Su Ming-Yang, Su Kuan-Lin
Department of Computer Science and Information Engineering, Ming Chuan University, Taoyuan City 333, Taiwan.
Sensors (Basel). 2023 Oct 16;23(20):8499. doi: 10.3390/s23208499.
Malicious uniform resource locators (URLs) are prevalent in cyberattacks, particularly in phishing attempts aimed at stealing sensitive information or distributing malware. Therefore, it is of paramount importance to accurately detect malicious URLs. Prior research has explored the use of deep-learning models to identify malicious URLs, using the segmentation of URL strings into character-level or word-level tokens, and embedding and employing trained models to differentiate between URLs. In this study, a bidirectional encoder representation from a transformers-based (BERT) model was devised to tokenize URL strings, employing its self-attention mechanism to enhance the understanding of correlations among tokens. Subsequently, a classifier was employed to determine whether a given URL was malicious. In evaluating the proposed methods, three different types of public datasets were utilized: a dataset consisting solely of URL strings from Kaggle, a dataset containing only URL features from GitHub, and a dataset including both types of data from the University of New Brunswick, namely, ISCX 2016. The proposed system achieved accuracy rates of 98.78%, 96.71%, and 99.98% on the three datasets, respectively. Additionally, experiments were conducted on two datasets from different domains-the Internet of Things (IoT) and Domain Name System over HTTPS (DoH)-to demonstrate the versatility of the proposed model.
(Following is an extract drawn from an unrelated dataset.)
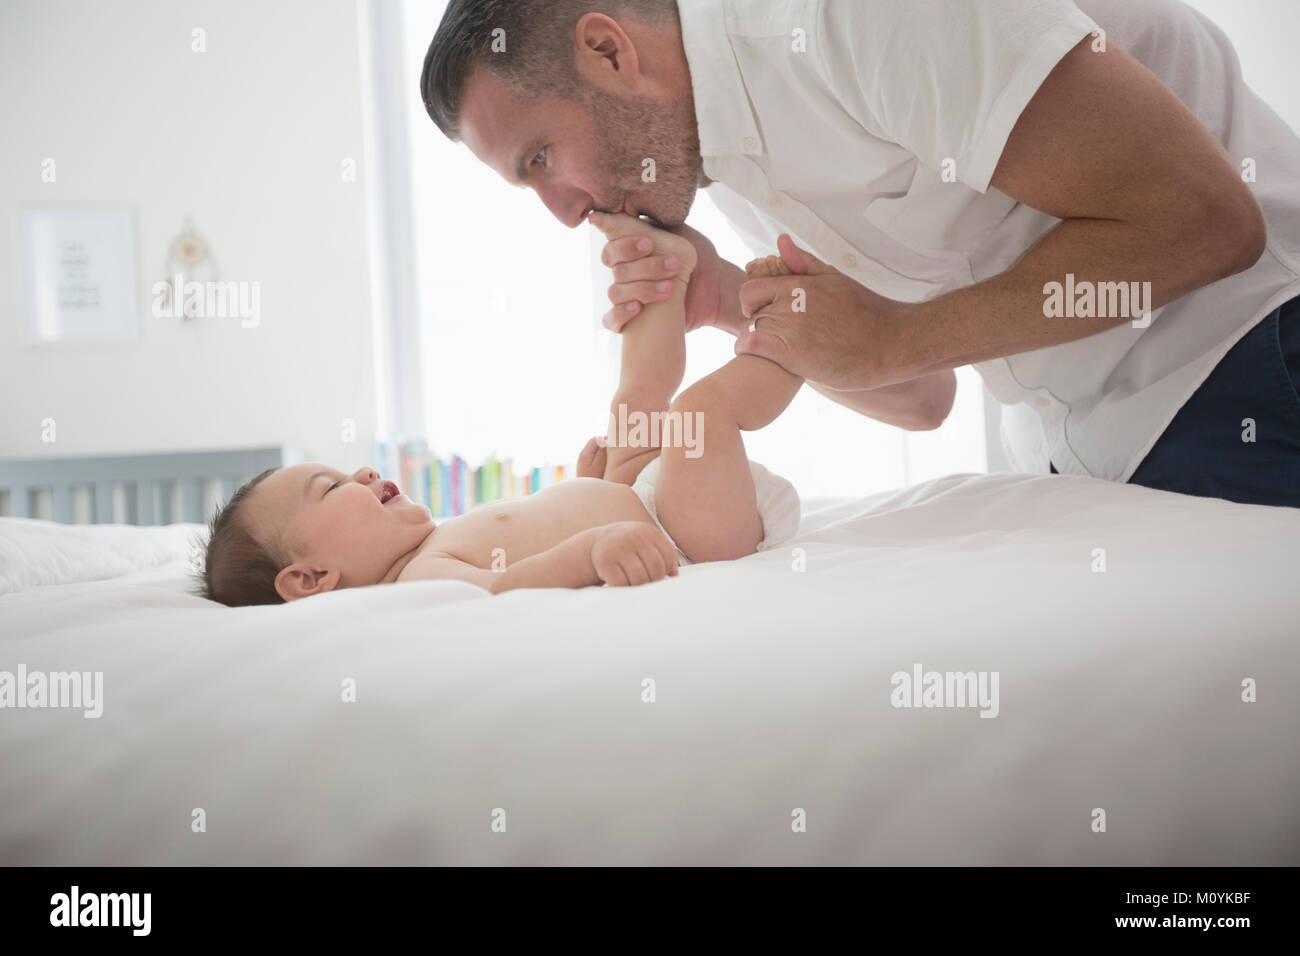 Father kissing feet of baby son on bed Stock Photo

恶意统一资源定位符(URL)在网络攻击中很常见,尤其是在旨在窃取敏感信息或传播恶意软件的网络钓鱼企图中。因此,准确检测恶意URL至关重要。先前的研究已经探索了使用深度学习模型来识别恶意URL,方法是将URL字符串分割为字符级或单词级令牌,并嵌入和使用经过训练的模型来区分URL。在本研究中,设计了一种基于变换器的双向编码器表示(BERT)模型来对URL字符串进行令牌化,利用其自注意力机制来增强对令牌之间相关性的理解。随后,使用分类器来确定给定的URL是否为恶意URL。在评估所提出的方法时,使用了三种不同类型的公共数据集:一个仅由来自Kaggle的URL字符串组成的数据集、一个仅包含来自GitHub的URL特征的数据集,以及一个包括来自新不伦瑞克大学的两种类型数据的数据集,即ISCX 2016。所提出的系统在这三个数据集上分别实现了98.78%、96.71%和99.98%的准确率。此外,还在来自不同领域的两个数据集——物联网(IoT)和超文本传输安全协议(HTTPS)上的域名系统(DoH)——上进行了实验,以证明所提出模型的通用性。